Spark 1.5 to Incorporate ‘Tungsten’ Upgrades
A preview release of the Apache Spark open source in-memory processing framework incorporates major performance upgrades, according to Databricks Inc., the big data processing company founded by Spark’s creators.
Databricks said Aug. 18 is expects to release Apache Spark 1.5 in a “few weeks,” adding the preview release would allow the Spark community to conduct quality assurance testing.
Databricks said Spark 1.5 would focus on “under-the-hood changes to improve Spark’s performance, usability and operational stability.” Included in the latest release is the first phase of “Project Tungsten,” described as a new execution backend for DataFrames/SQL. The DataFrames API was introduced in February to expand big data processing to a wider audience.
Project Tungsten is touted as the largest change to Spark’s execution engine since the project’s inception and is designed to bring Spark closer to bare metal by improving memory and processing efficiency for Spark applications.
“Through code generation and cache-aware algorithms, Project Tungsten improves the runtime performance with out-of-the-box configurations,” Databricks engineers noted in a recent blog post. “Through explicit memory management and external operations, the new backend also mitigates the inefficiency in [Java virtual machine] garbage collection and improves robustness in large-scale workloads.”

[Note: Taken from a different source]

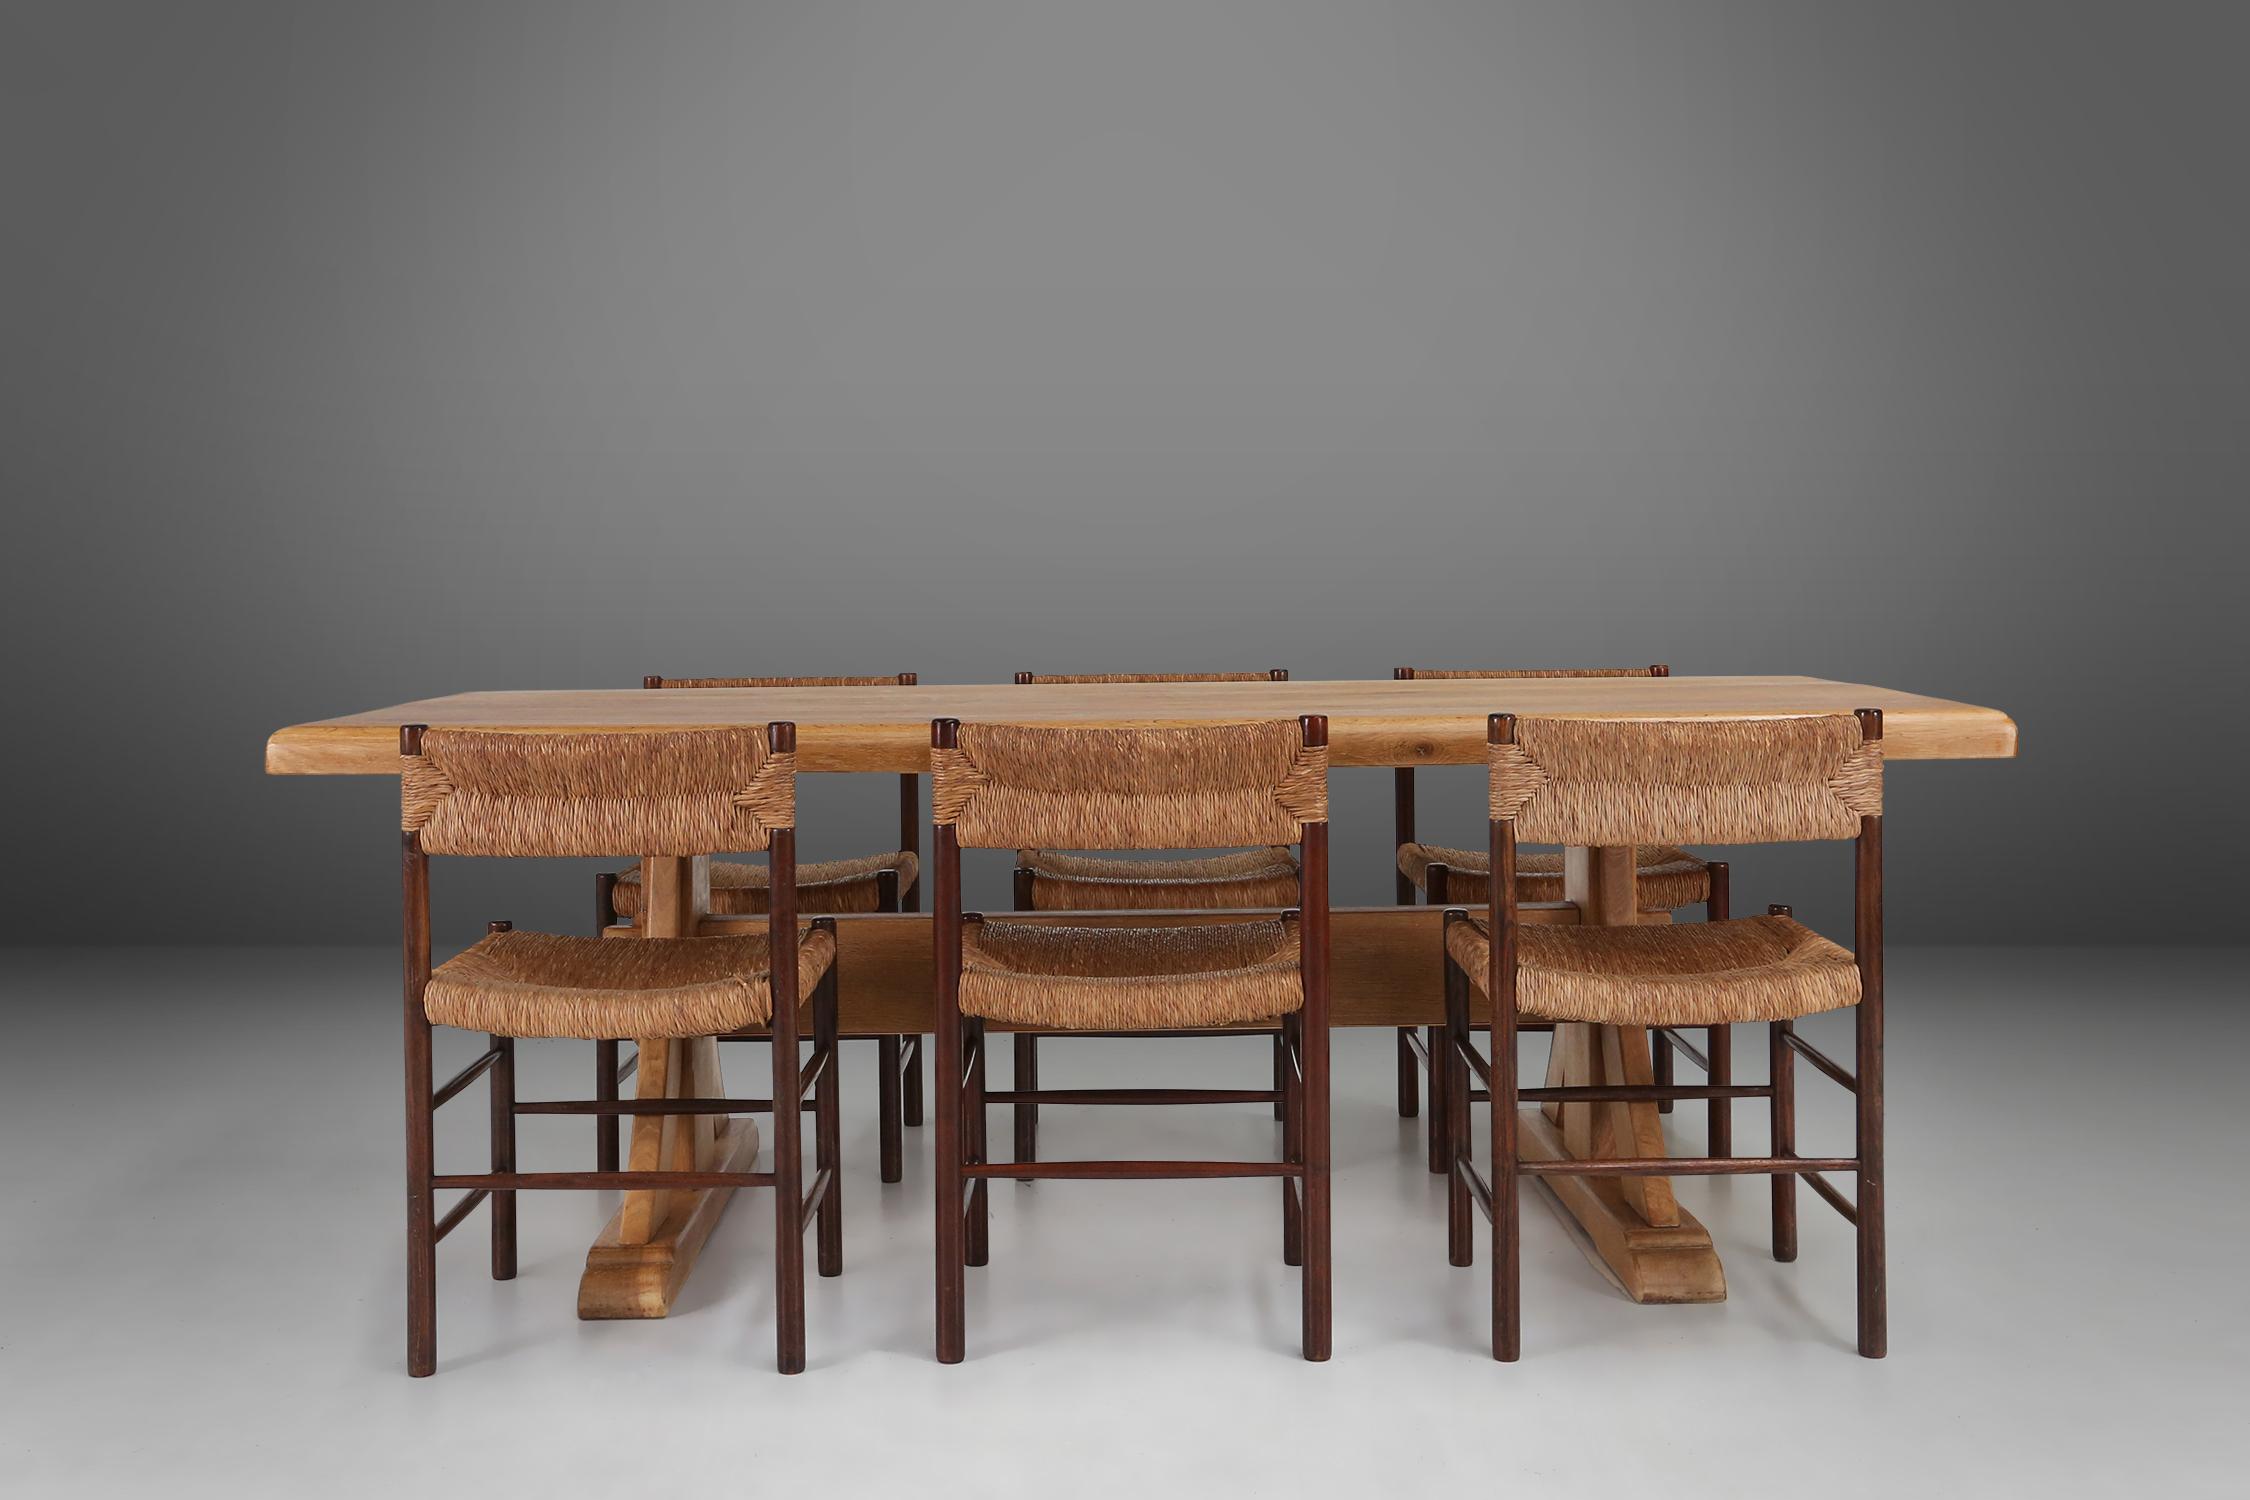 France / 1950s / table / oak wood / mid-century / rustic

This beautifully crafted table is a true gem from the 1950s in France. Made from high-quality oak wood, this mid-century piece exudes a rustic charm that is sure to elevate any space it is

Databricks also provided a performance comparison between Spark 1.4 and the latest version that implements Project Tungsten. The comparison shows “out-of-the-box” performance with no configuration changes for an aggregation query totaling 16 million records and 1 million composite keys. Runtime for an aggregation query on Spark 1.5 appears to be nearly four times faster on the new version, according to the performance comparison.
Another new feature dubbed “back pressure for Spark Streaming” is touted as allowing dynamic control of data ingestion rates ” to adapt to unpredictable variations in processing load,” Databricks said. “This allows streaming applications to be more robust against bursty workloads and downstream delays.”
Other new features in Spark 1.5 include new machine learning algorithms, a “sequential pattern mining” capability, improved R language support and upgrades for reporting memory usage.
San Francisco-based Databricks said Spark 1.5.0 would be released for testing on a “ready-to-go” cluster. Since multiple versions are supported, Spark 1.5 “canary clusters,” or the push of code changes, would be able to run with existing Spark production clusters, the company noted.
Databricks estimates that more than 220 open source developers from over 80 organizations contributed to the latest Spark release.
A Spark overview and a progress report on Apache Spark 1.5 can be found here.
The pace of Spark development is accelerating. Spark 1.4 was released in June, incorporating support for R notebooks and SparkR, the Databricks hosted service.
Spark got another boost in June when IBM announced it would integrate Spark software into the “core” of its analytics and commerce platforms. It also began offering Apache Spark as a service on its Bluemix cloud application development platform.